Assembling Neural Endosome Targeted Nanoparticles for Pain Drug Delivery Via Flash Nanoprecipitation

In this work, we are designing and optimizing nanoparticle vehicles to deliver pain therapeutics by studying nano-neuro interactions and pain behavior in sensory neurons. We have assembled a tunable core-shell nanoparticle library composed of three polymeric surfaces: polyethylene glycol (PEG), poly(ethylene oxide-co-glycidyl methyl ether) (rPEG), and poly-2-ethyl-2-oxazoline (P2OX), using Flash NanoPrecipitation (FNP). Two fluorophores, Rubrene and Dioctadecyloxacarbocyanine (DiO), were encapsulated in the core to visualize nano-neuro interactions via confocal microscopy. We observed colocalization between endosomes and nanoparticles by transfecting cells with Rab5a-GFP. The association rates of the nanoparticles in immortalized dorsal root ganglion neurons (F11) were characterized using flow cytometry.

Importantly, we present the first use of the F11 cell line with nanoparticle delivery and support its validation as a sensory neuron model for pain research.

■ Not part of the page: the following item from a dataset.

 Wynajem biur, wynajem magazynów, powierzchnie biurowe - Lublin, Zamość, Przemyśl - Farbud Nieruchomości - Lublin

FNP is validated as a successful approach for synthesizing tunable and modular fluorescent nanoparticles. Our findings show that PEG, rPEG, and P2OX each exhibit distinct uptake rates and trafficking patterns in F11 cells. Endosome colocalization signals indicate a decreasing level of overlap from PEG to rPEG to P2OX.

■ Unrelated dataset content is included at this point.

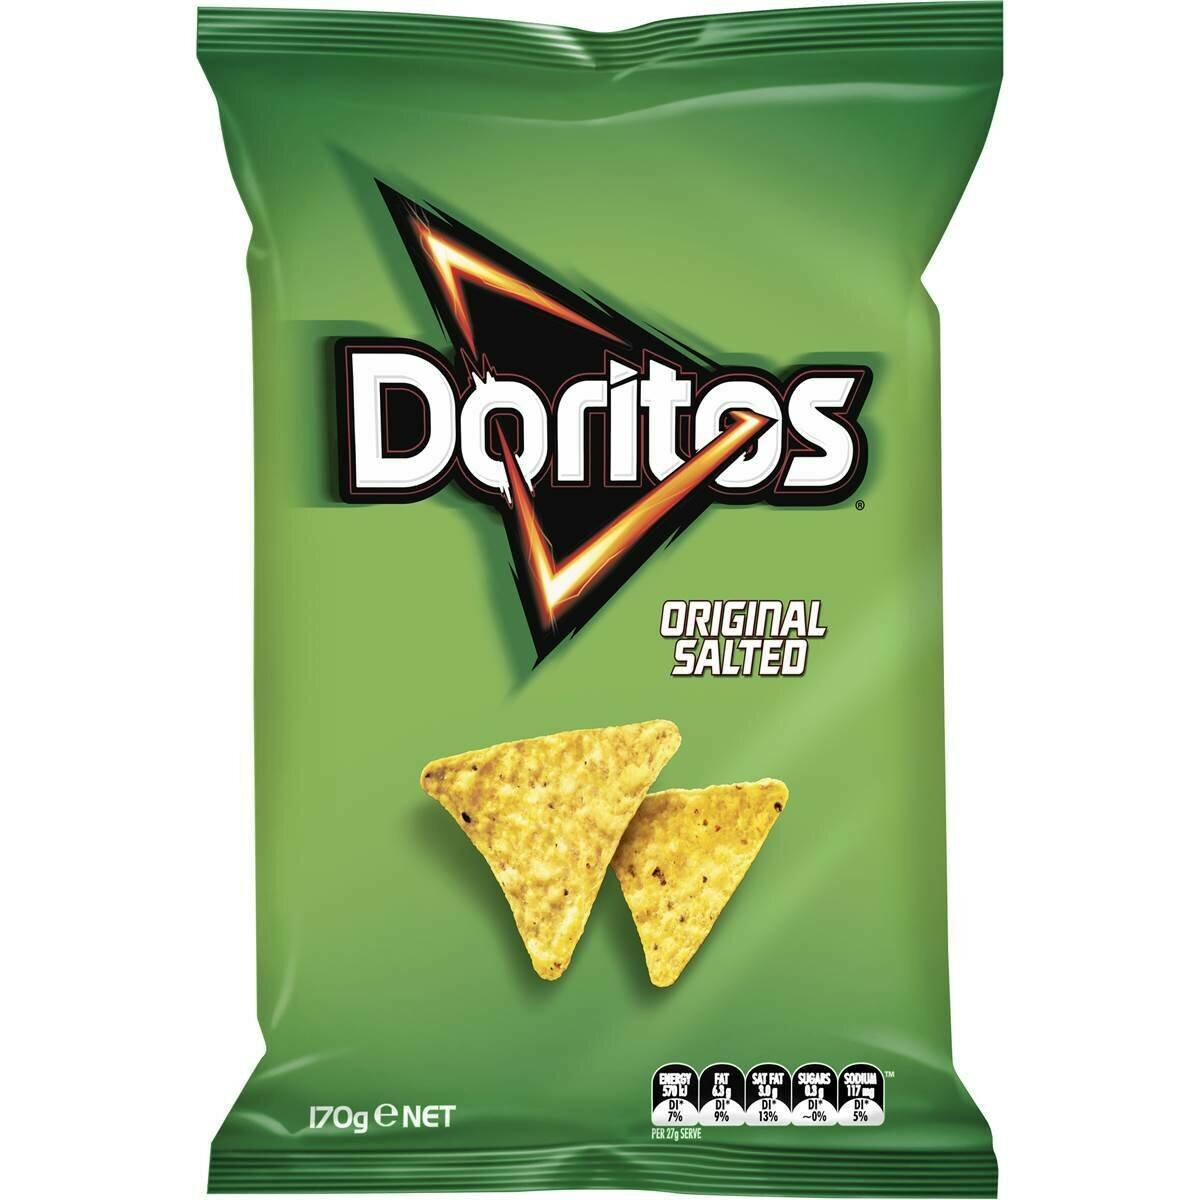 Doritos Original 175g

Our results suggest that rPEG and P2OX may serve as alternative nanoparticle surfaces to PEG. Nanoparticles observed in endosomes along axon regions indicate that the vehicles have entered cells at nerve endings and can potentially interfere with pain signaling. Evidence of retrograde transport of nanoparticles highlights their potential clinical efficacy. Future work will involve using endocytosis and inhibitors to study endosomal pathways and further substantiate nano-neuro interactions in vivo. With these findings, we are closer to achieving more efficient drug delivery for chronic pain and other neurological disorders.